**Exercise goal:** Every line from the one with "Heating curve refrigerated circulators 1000F" to the end of the listing, and nothing else, is to be printed exactly; please leave the pictures out.

**Supplied material:**
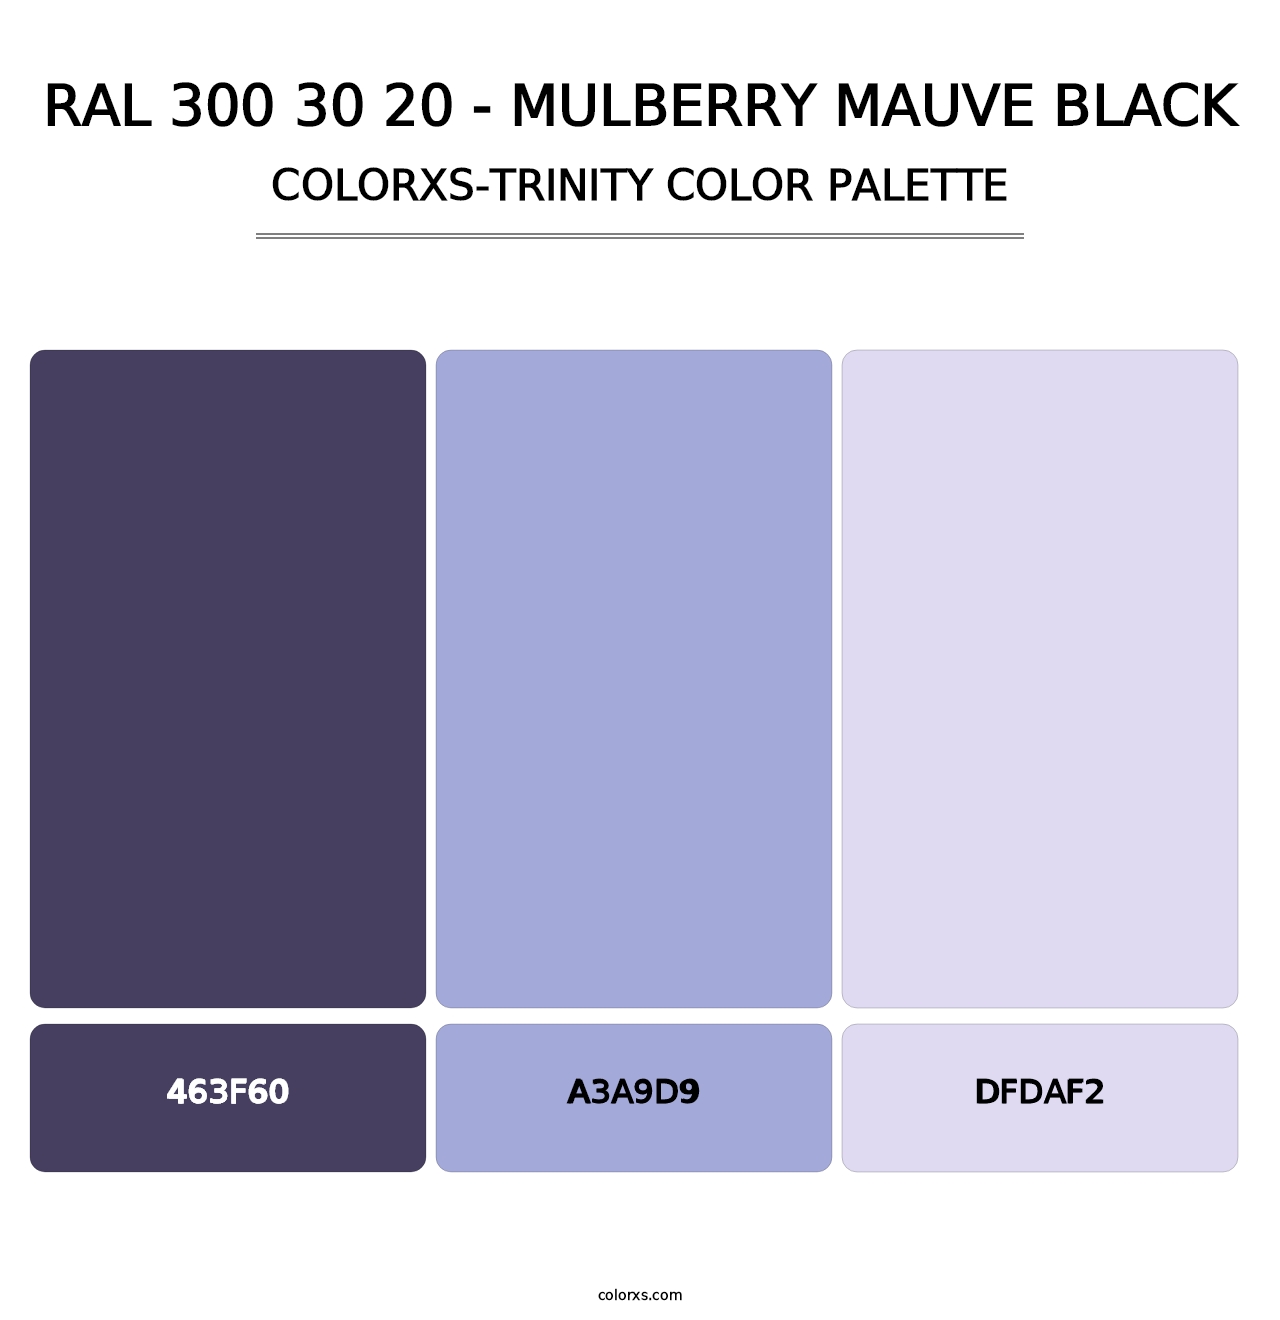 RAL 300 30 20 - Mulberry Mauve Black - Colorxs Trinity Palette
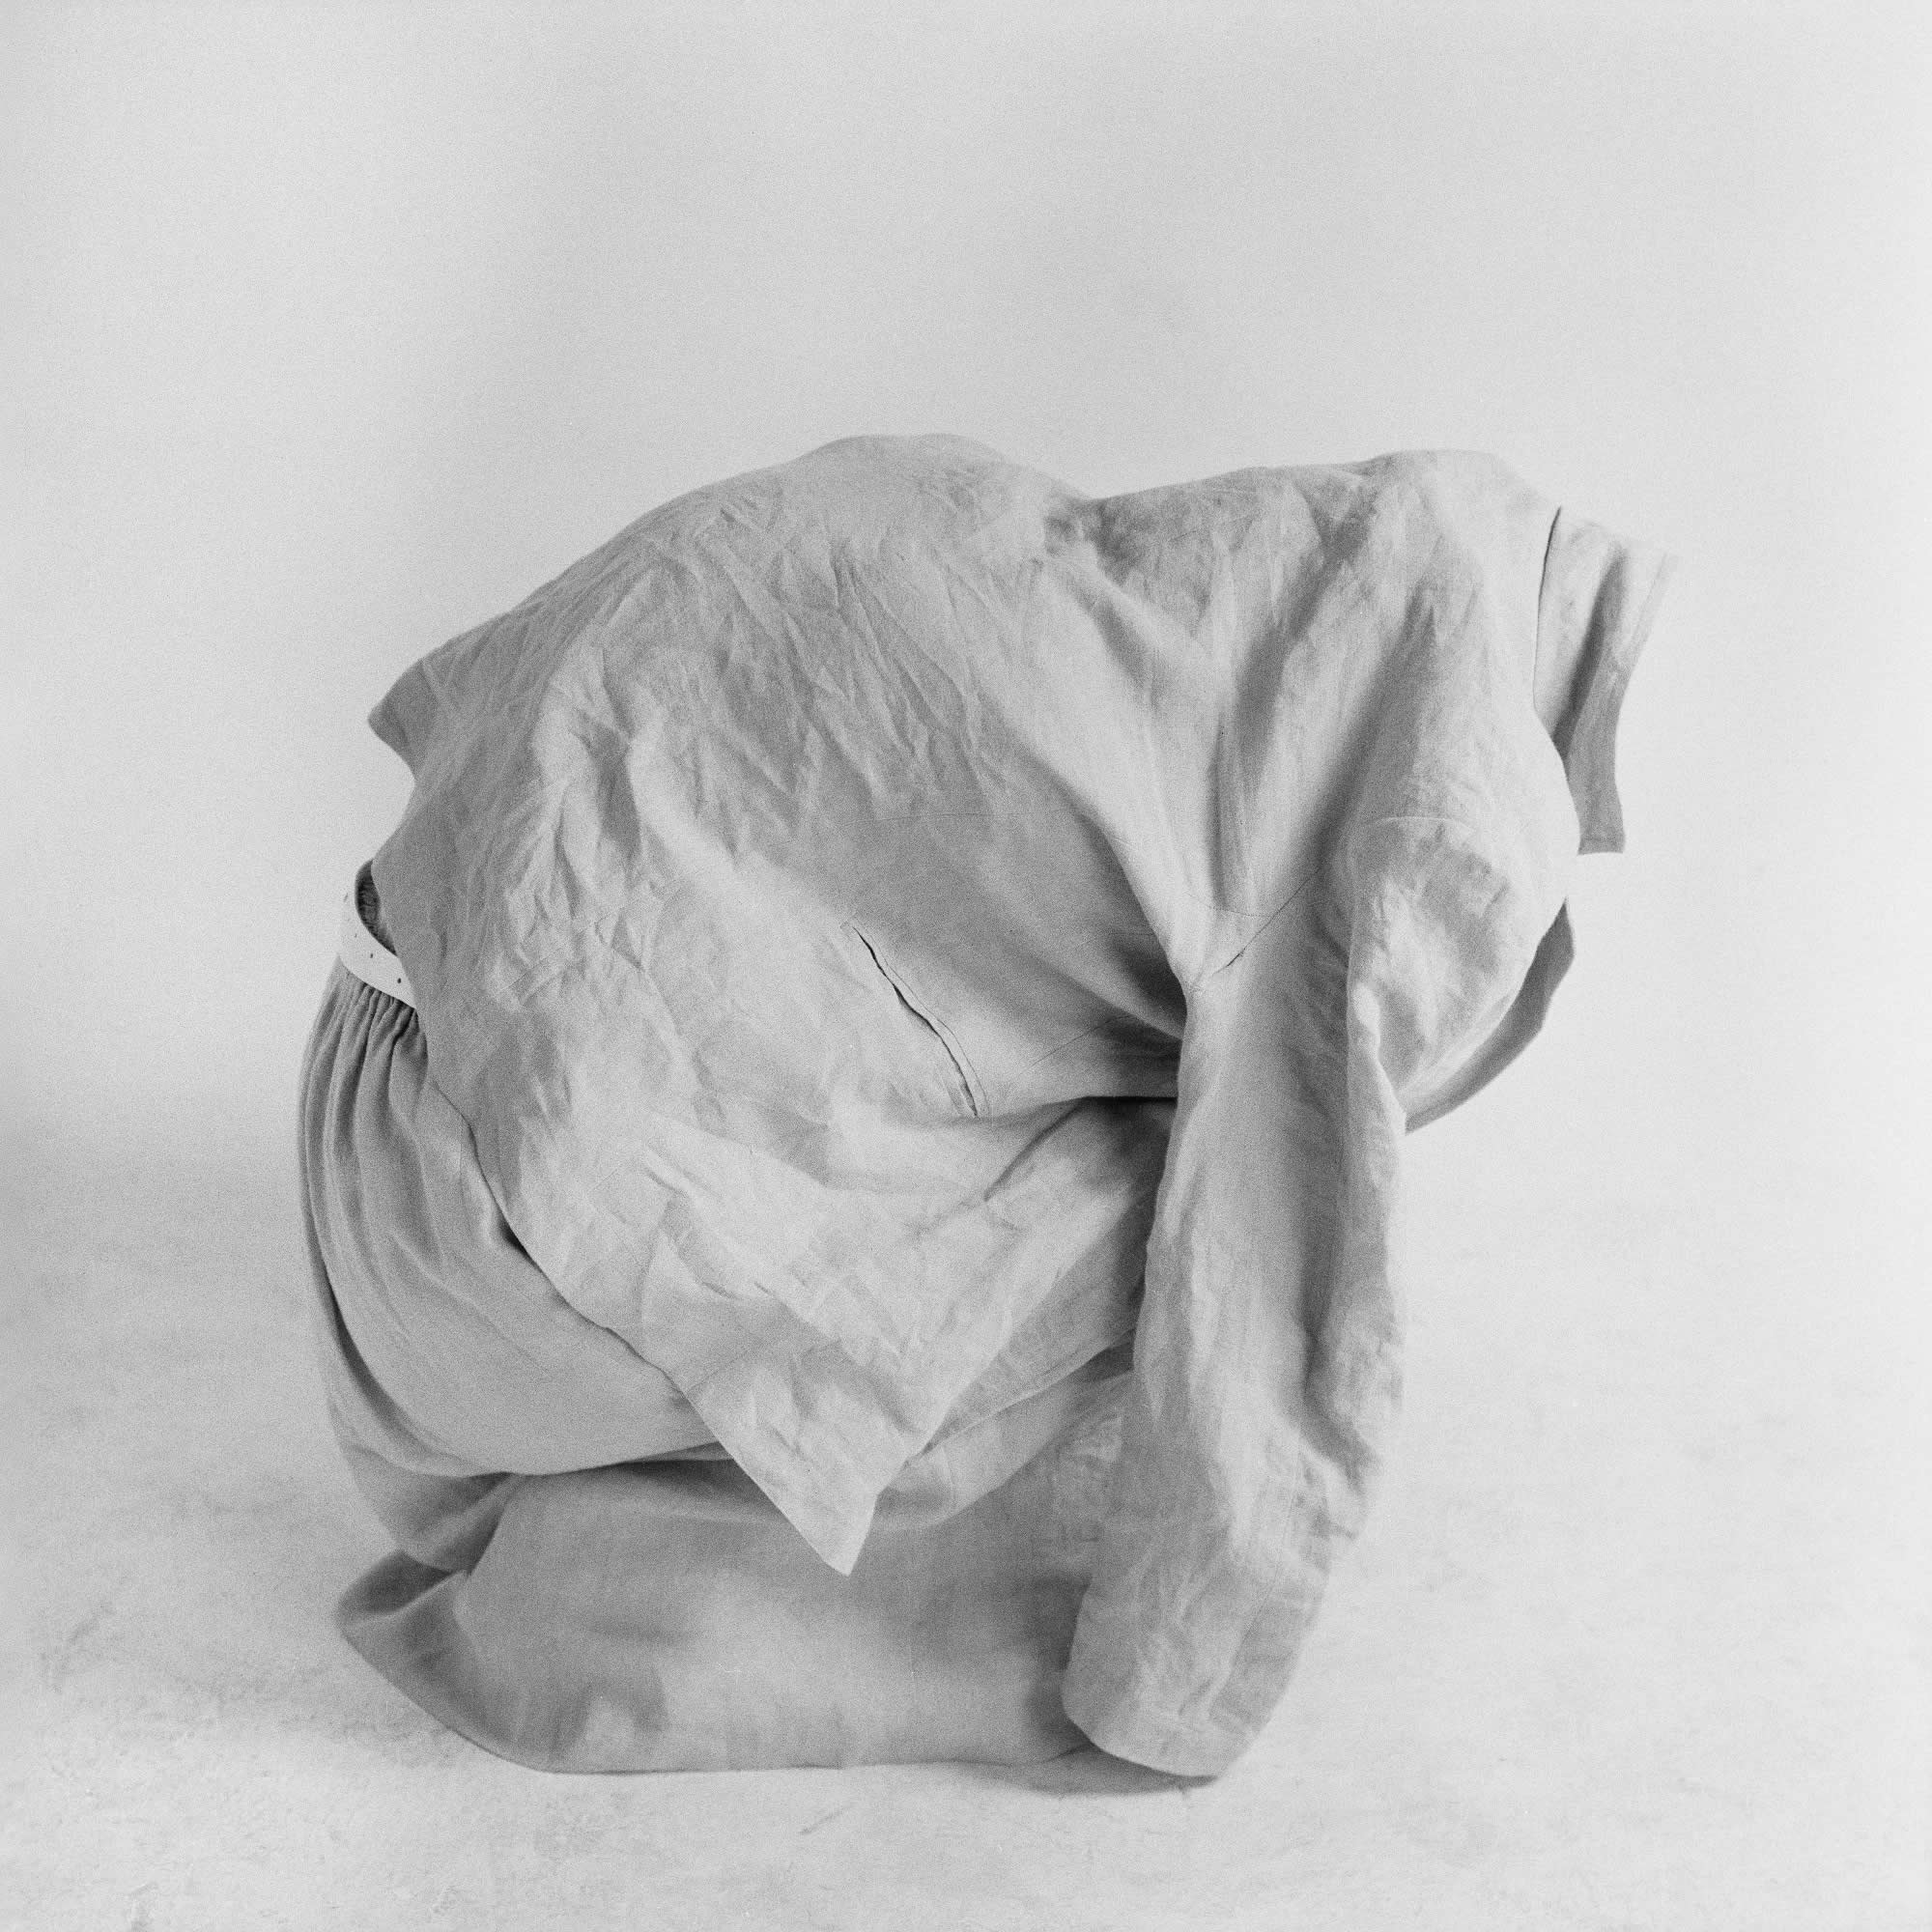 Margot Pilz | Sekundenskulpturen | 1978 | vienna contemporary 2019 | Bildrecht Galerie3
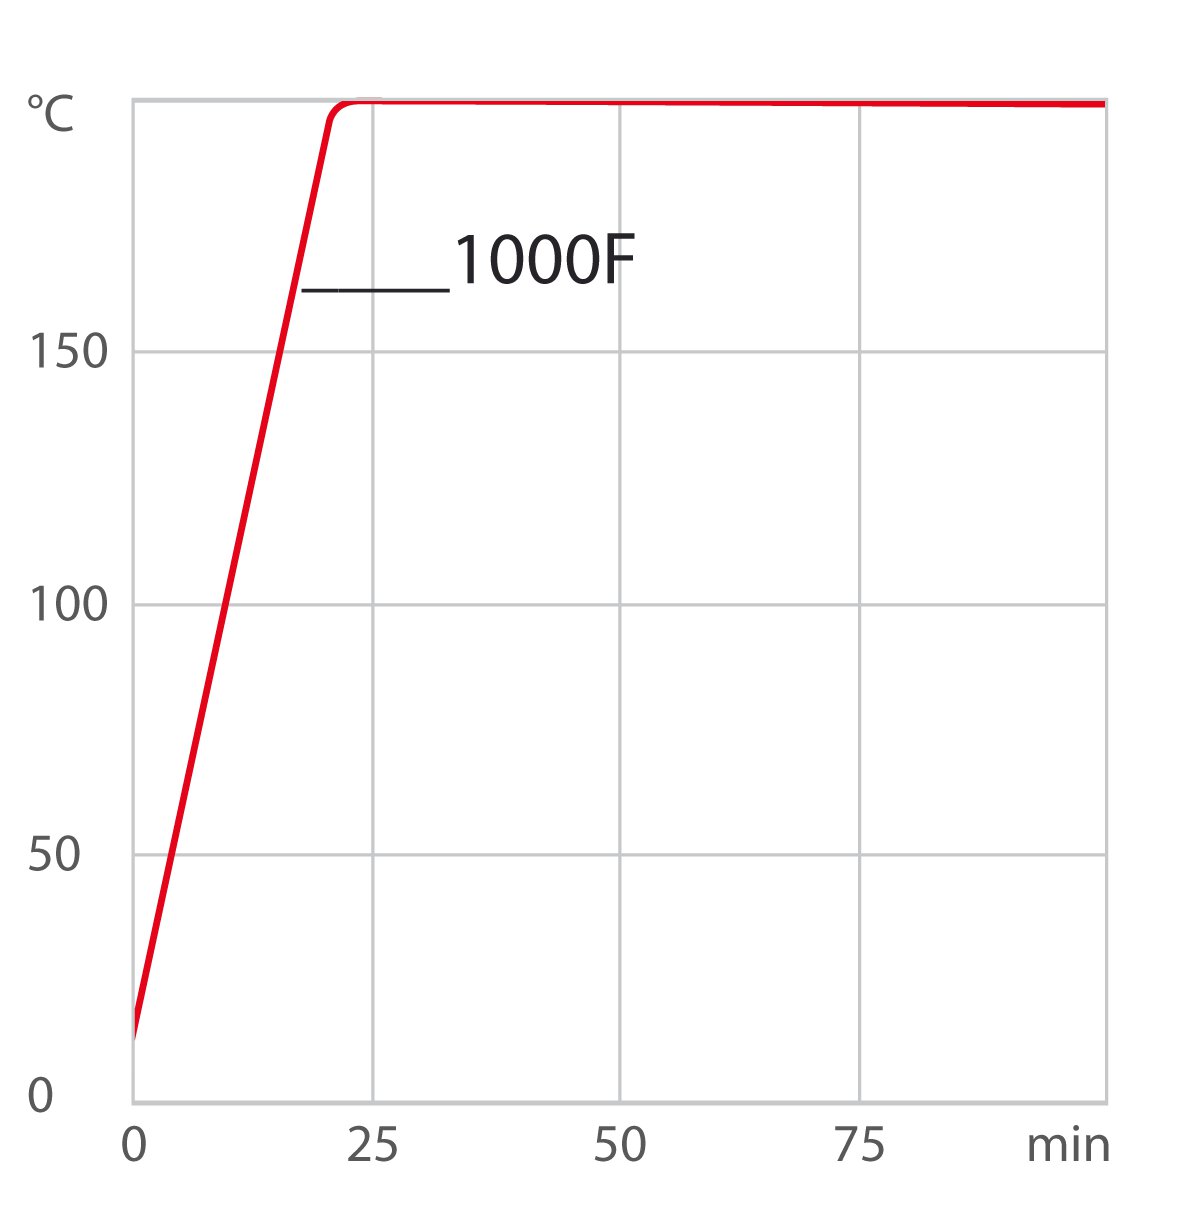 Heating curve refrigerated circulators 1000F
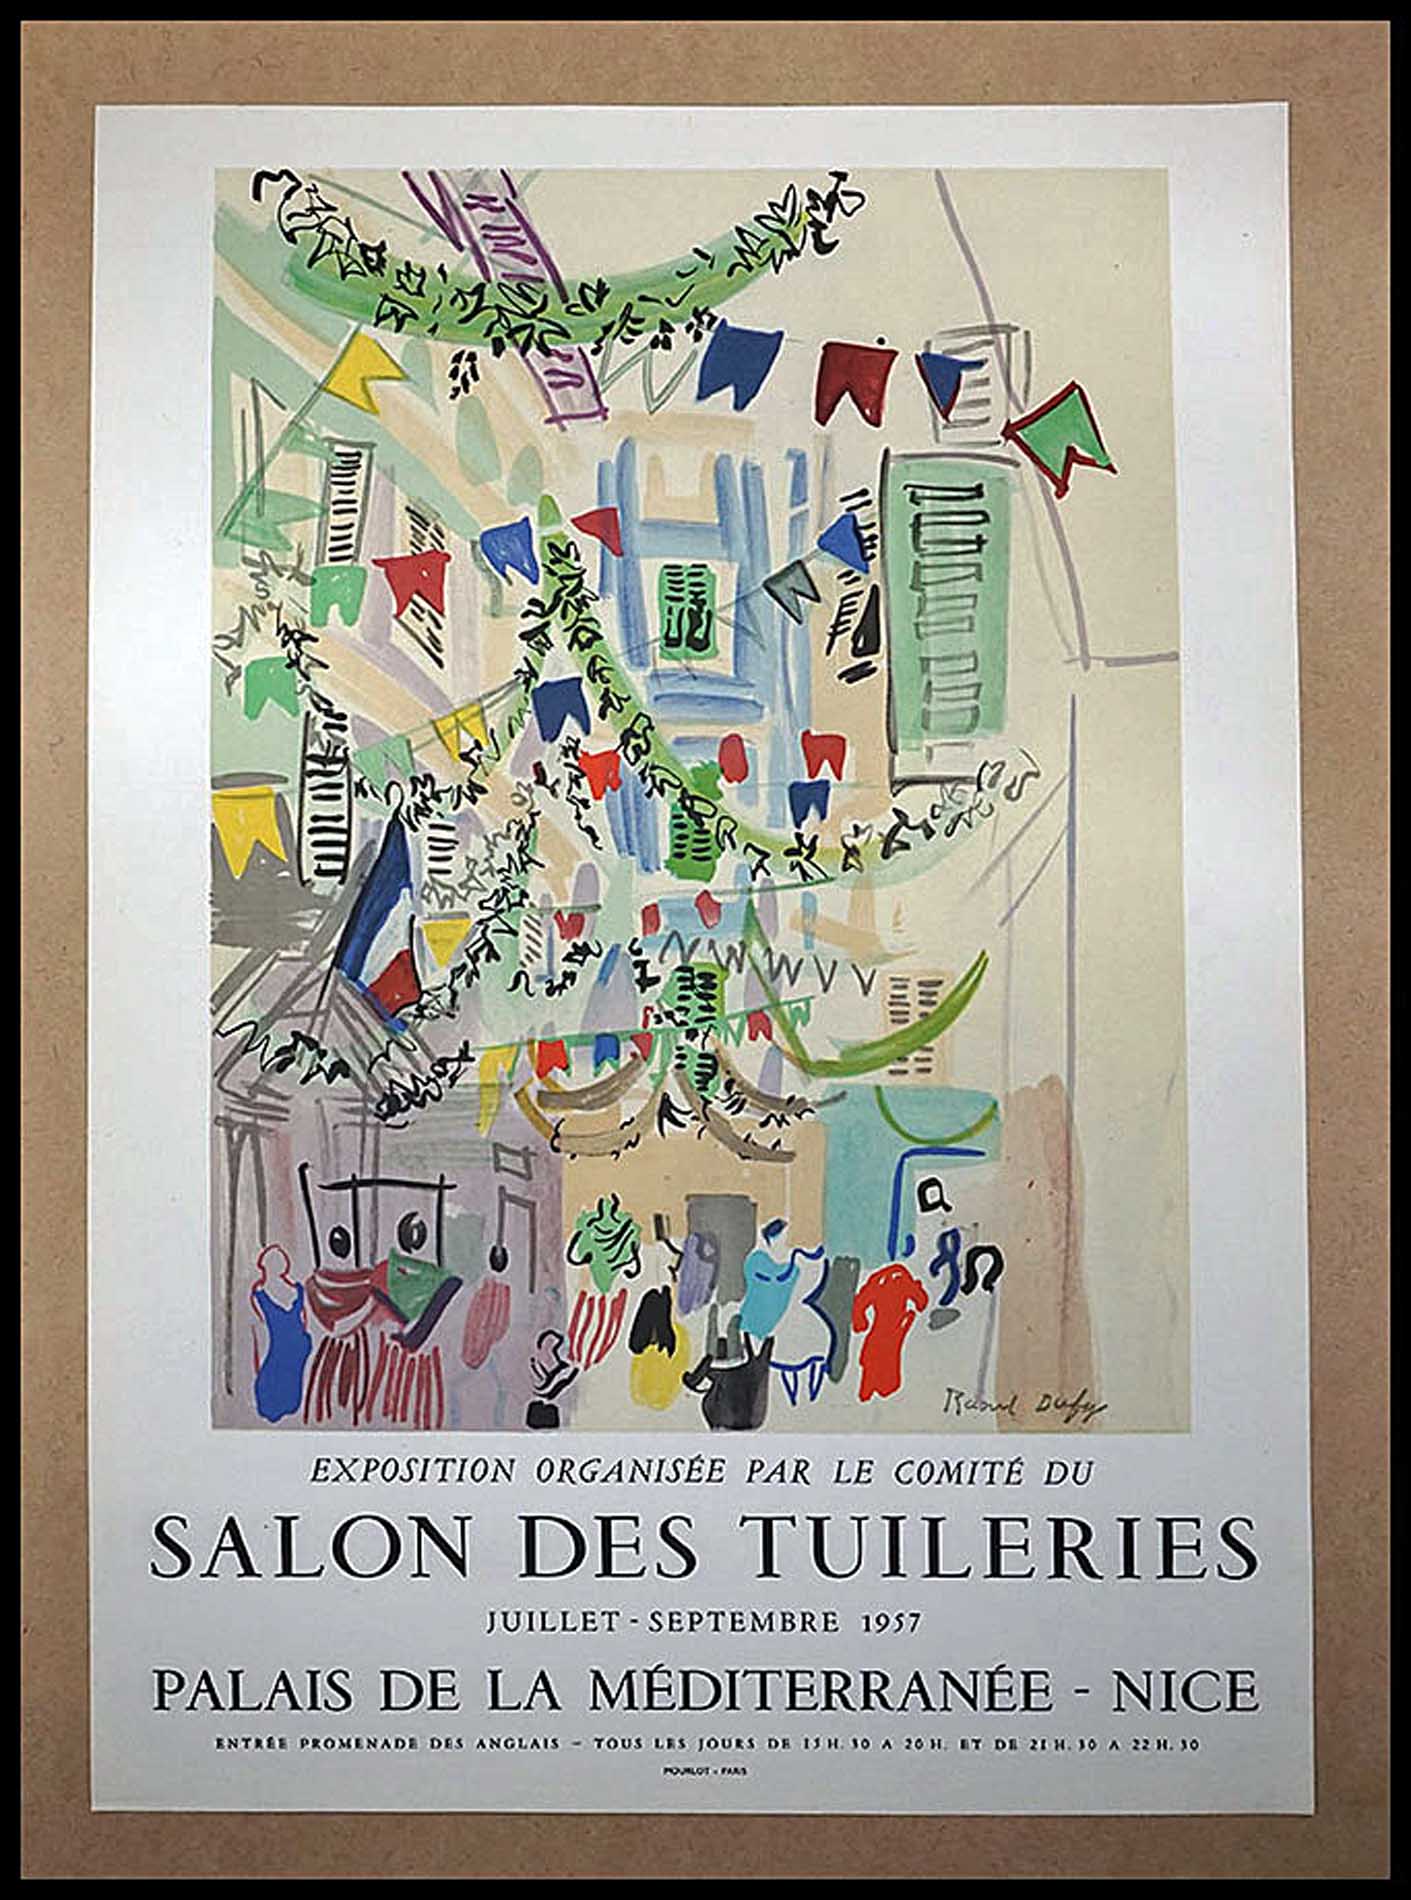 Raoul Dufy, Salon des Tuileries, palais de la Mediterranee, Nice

**Task result:**
 Heating curve refrigerated circulators 1000F
 Raoul Dufy, Salon des Tuileries, palais de la Mediterranee, Nice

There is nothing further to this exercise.